As you’d expect, plates and flatware were set and cleared seamlessly, every request honored instantly, every need anticipated. It is a performance perhaps half-a-dozen restaurants in town can match.

The meal begins with something like four or five flights of amuses. I didn’t note them all, but the tour de force was a “clam bake,” with four delicate canapés and a broth that the server pours into a contraption heated by hot rocks, simulating a beach clam bake in miniature.

From the first row of the menu grid, my friend and I both chose “Rabbit,” which I correctly guessed would be a luscious, creamy terrine, as it was in the position on the grid that I know (from other reviews) is usually represented by a foie gras terrine. Without the advance research I did, no other diner would know this.

Had the meal ended here, I would give Eleven Madison Park the same four stars that Frank Bruni did. Instead, I was reminded of Bruni’s comment at the end of 2008, that: “one in every three dishes didn’t measure up to the others (though nothing — nothing — was wholly undistinguished).” It seemed there were two restaurants here, with a completely different kitchen responsible for everything after the appetizer.

The statement that “nothing — nothing — was wholly undistinguished” could apply to my friend’s Loup de Mer, her Pork, and my Chicken. But I would not call them distinguished either. Somewhat more impressive was Lobster wrapped in fat, rich noodles, a lasagne of the gods.

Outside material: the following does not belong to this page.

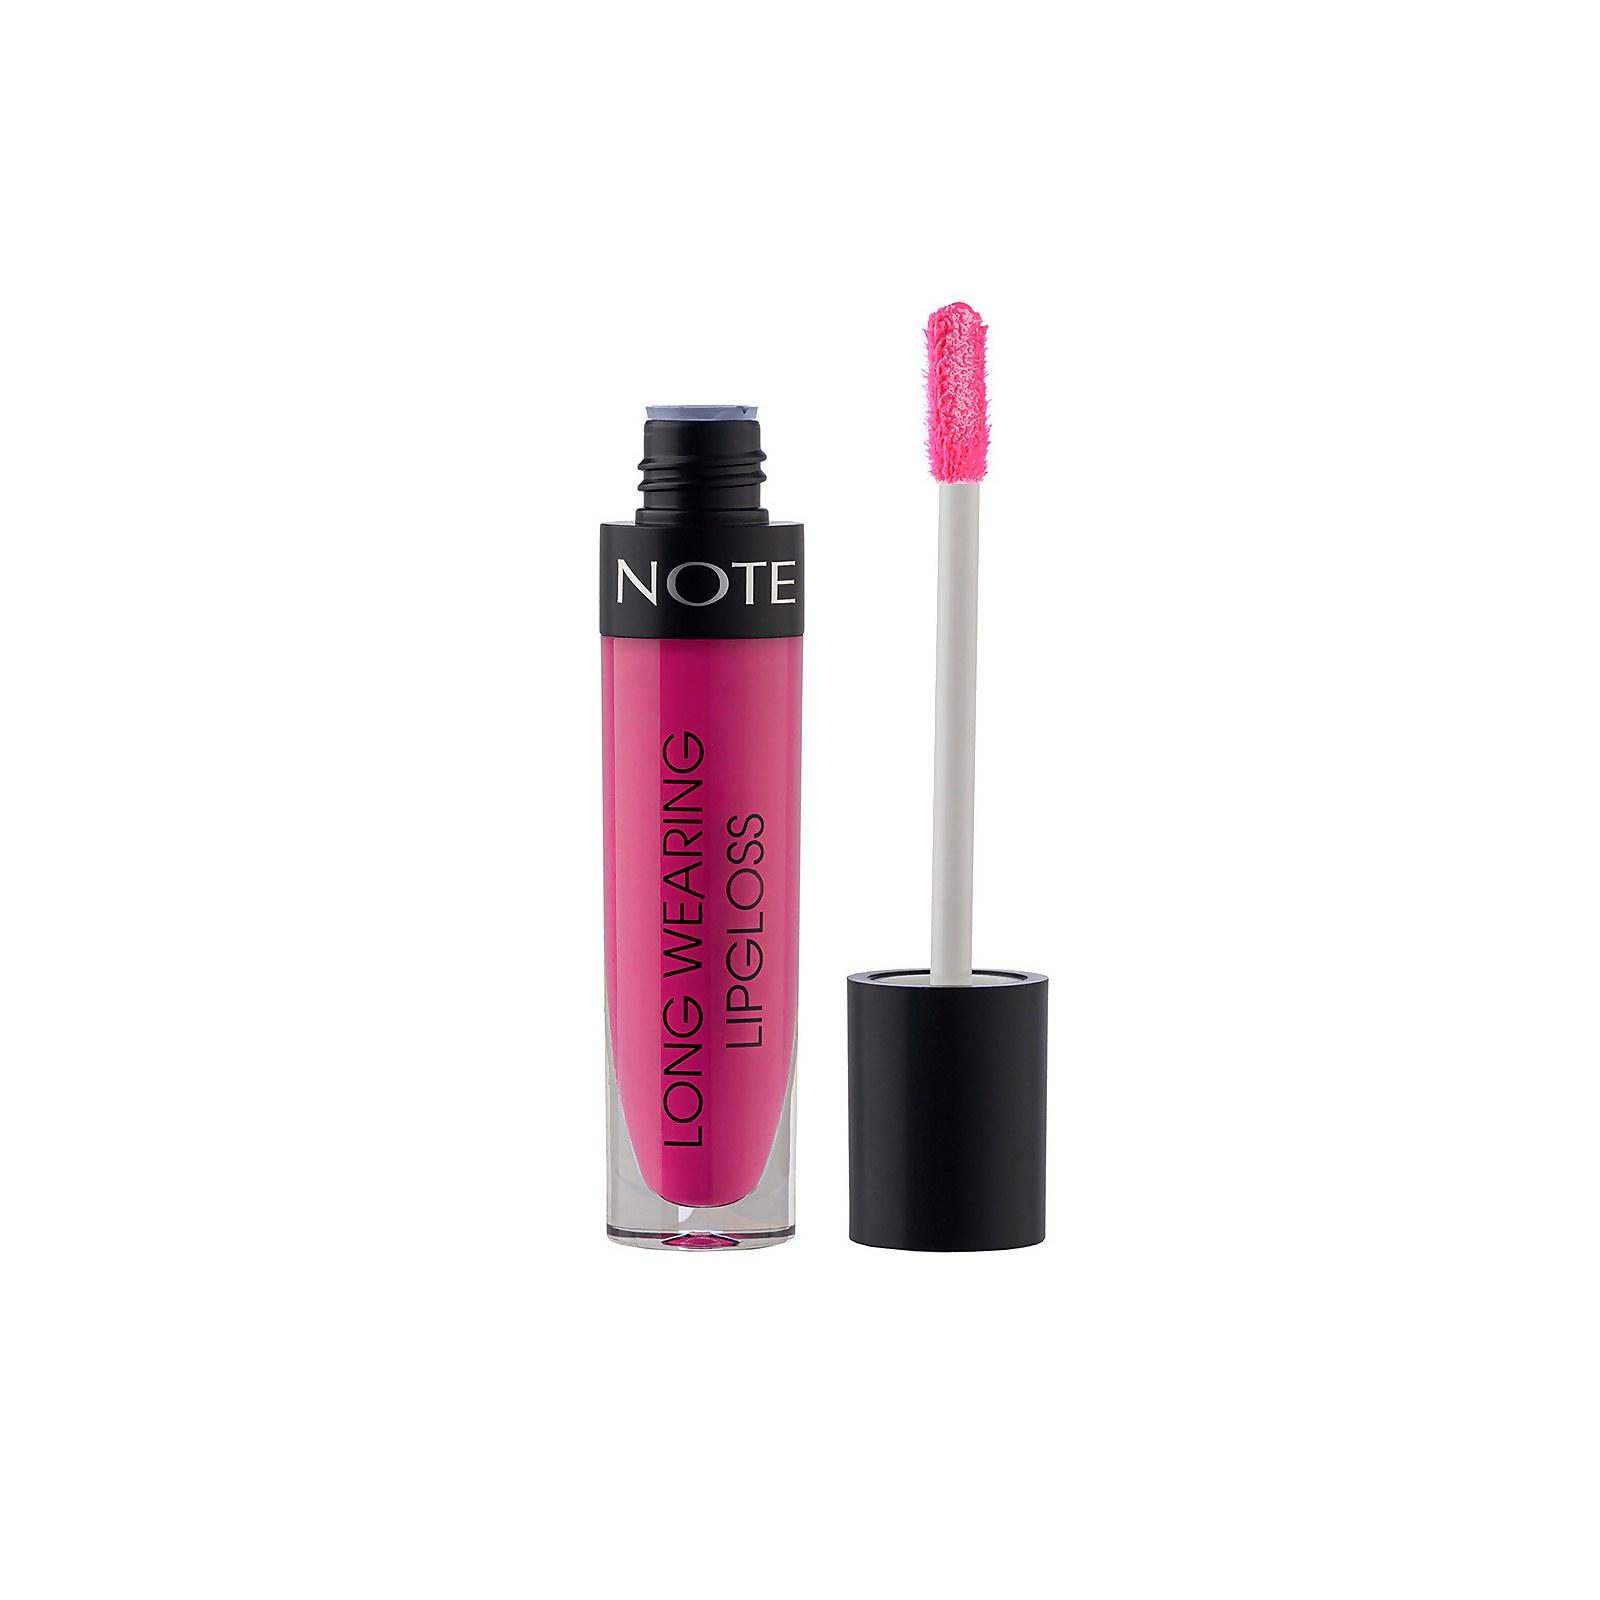 Купить Note Cosmetics Long Wearing Lip Gloss 6ml (Various Shades) - 17 Fuchsia

It was the only savory dish that I would care to see again. There was nothing wrong with the others, but there was no wow! in them.

Even less memorable were pastry chef Angela Pinkerton’s desserts, “Berries” and “Apricot, and the petits fours were noticeably less impressive than at the other four-star restaurants. We weren’t served a birthday cake, either—just a lit candle poking out from the dessert we had already paid for. I didn’t actually need another cake at that point, but see my reviews of Asiate and Del Posto for how the pastry departments in comparable restaurants usually honor such an occasion.

Wine pairings are $95 per person, and if you ask the sommelier to “be creative,” he will. I lost count, but I believe there were six or seven pours, ranging from beer to sake to cocktails, and of course wines, all with decent age on them; most were off the beaten path. Where my friend and I ordered different items, the wines were different also. For one course, the sommelier couldn’t decide between a cocktail and wine, so he gave both.

The final pour, as many reviews have noted, is a bottle of digestif that the sommelier leaves on the table for you to take as much as you would like. It is a safe bet that most normal folk will be too full to abuse the privilege. This must be the best wine pairing in the city, aside from Per Se, which charges at least double for similar service.

If my review seems harsh, it is not. I adore Eleven Madison Park. This is my third visit since chef Humm came on board (here, here). The four-course menu at $125 is one of the best dining deals in town, given all the extras that come with it. What I don’t see, however, is the leap to four stars that other publications have claimed.

Eleven Madison Park (11 Madison Avenue at 24th Street, Flatiron District)

Cuisine: Hard to classify; extraordinary at its best, but occasionally falls flat
Service: Incomparable; arguably the best in the city
Ambiance: Superb; an elegant, high-ceilinged space in a landmarked building

Rating:

Tuesday
Aug042009

Review Previews: DBGB, Marea, Eleven Madison Park

Record to date: 8–3

We’ll be away for the next two weeks, and most likely will not be able to post our Review Previews in real time, so we’re posting them now.

Bruni has three reviews remaining. What will they be?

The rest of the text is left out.